German technology darling DeepL (finally) launches a voice to text service. DeepL Voice converts audio from video or live conversations into text.
DeepL allows users to listen to someone speak a language that they don’t know and have it automatically translated into a language that they do understand — in real time.Currently, the new feature works with English, German, Japanese and Korean, as well as Swedish, Dutch, French Turkish, Polish, Portuguese Russian, Spanish and Italian.
The launch of DeepL Voice is exciting because it uses the same neural networks that the company’s text to text offering, whichclaims is the ‘world’s best’ AI translator.
I’m eager to try a voice to text translator that might actually work as someone who has just moved to a different country. All the ones I have tried so far don’t work in real-time – there is a lag which makes them useless – and the translation quality of the software is poor.
To have face-to-face conversation, you can launch DeepL Voice and place it in front of the other speaker. It displays your conversation on each device so that everyone can easily follow the translations.
DeepL Voice can be integrated into Microsoft Teams to allow video-conferencing across language barriers. The captions for the translated text appear in a sidebar. It is yet to be seen if DeepL Voice will soon be available on platforms such as Zoom or Google Meet.
This is DeepL’s first offering of this kind, but it won’t be its last. Jarek Kutylowski, DeepL’s CEO and founder referred to Real-time Voice Translationas the “Next Frontier” for the company. Jarek Kutylowski, DeepL’s CEO and founder, said that real-time voice translation is a completely different story.
“When you translate speech as it occurs, you have to deal with incomplete input, latency, pronunciation issues and more.

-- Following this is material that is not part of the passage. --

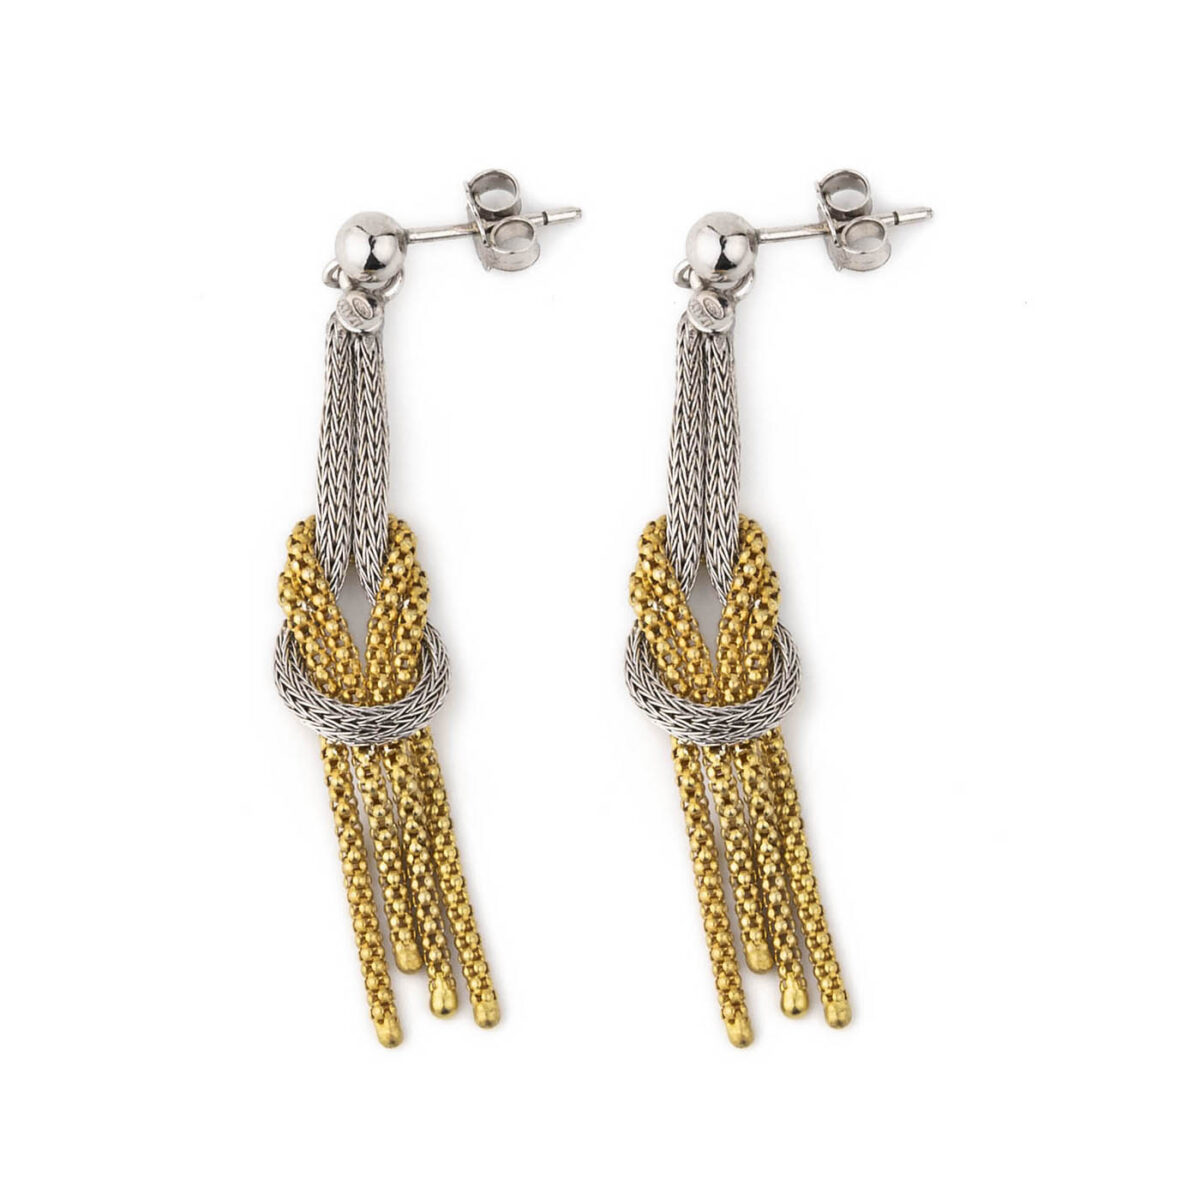 Knot Earrings - Gold Plated Silver 925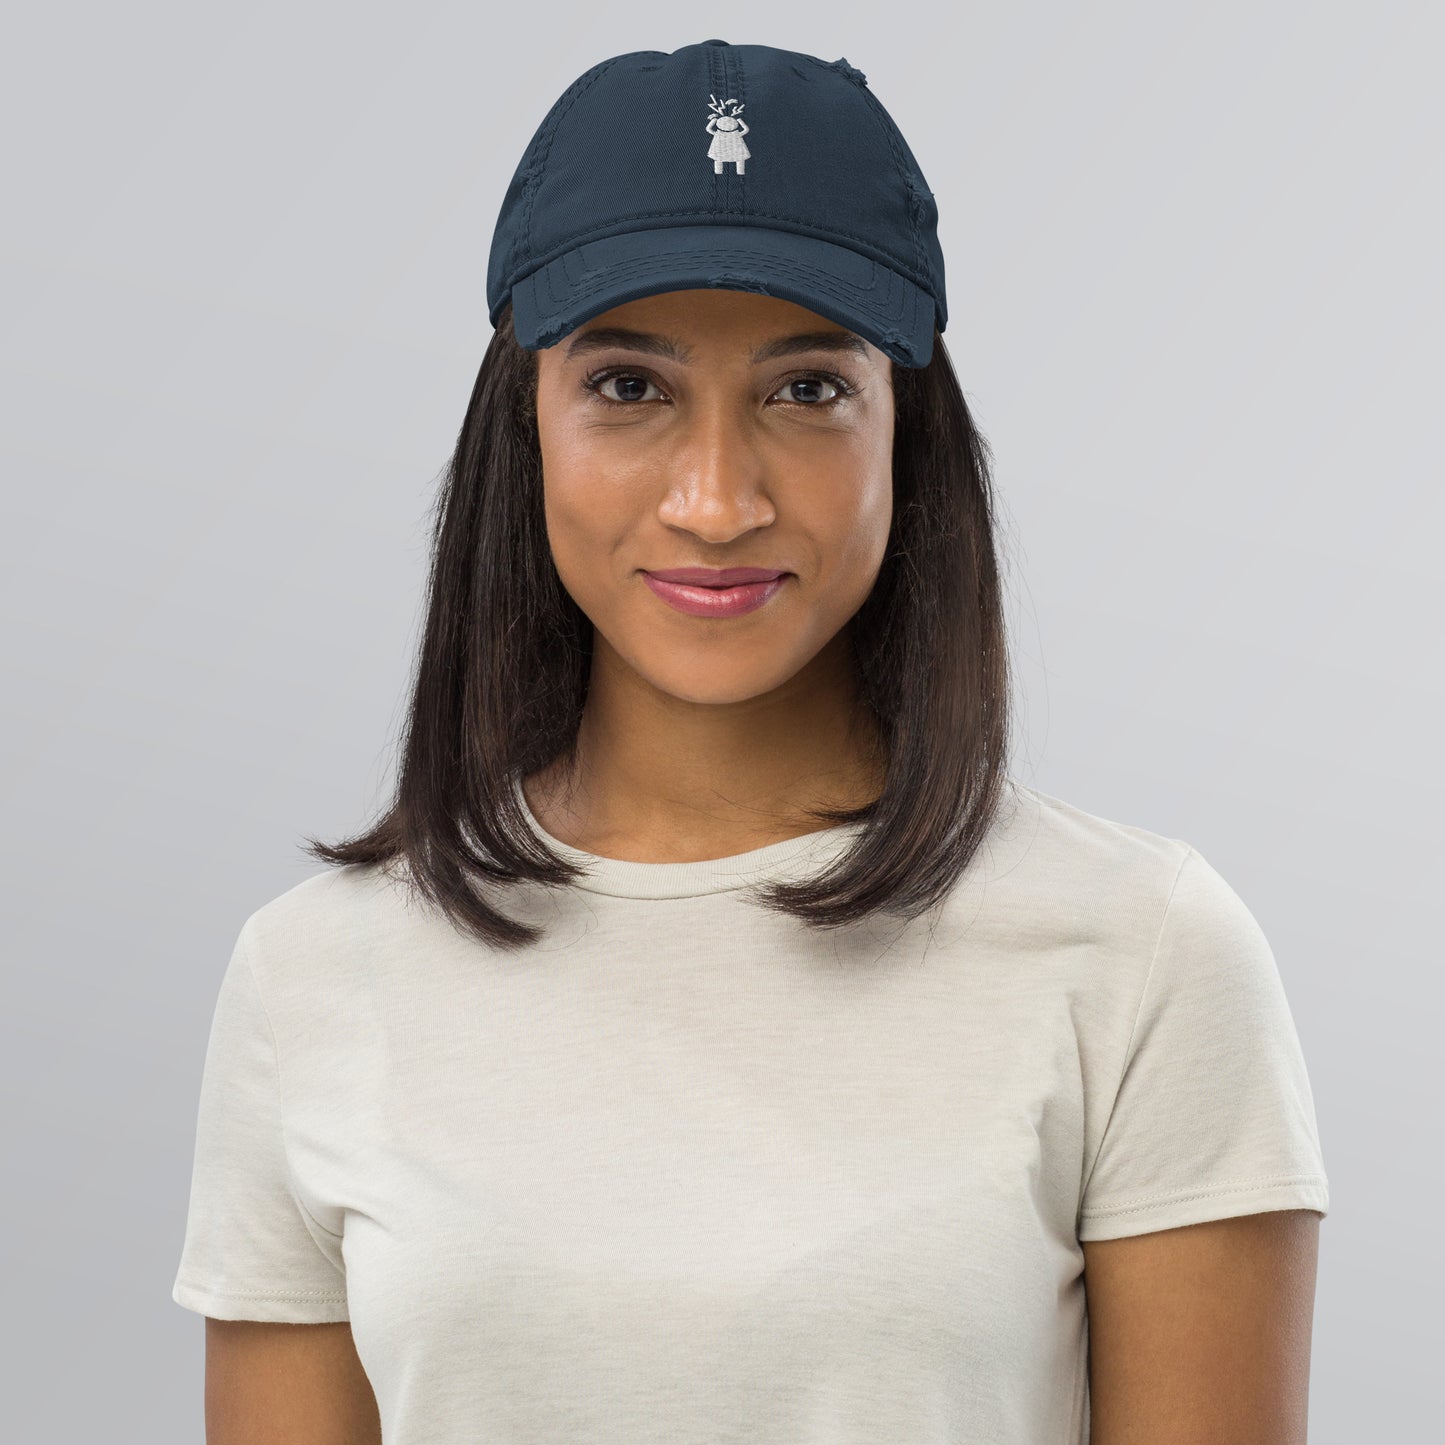 Screaming Woman Embroidered Distressed Cap

All of these can lead inaccurate translations and a poor user experience.
Kutylowski said, “We built a solution that would take all of these factors into account and allow businesses to break down the language barrier by enabling them communicate in multiple languages when required.”The quality of DeepL Voice will likely set it apart from other voice-to text translation providers.
From an engineering perspective, DeepL’s technology success is based on the architecture of its neural network, the input provided by human editors, as well as the training data. Kutylowski believes that DeepL has an advantage over its competitors, and this is focus.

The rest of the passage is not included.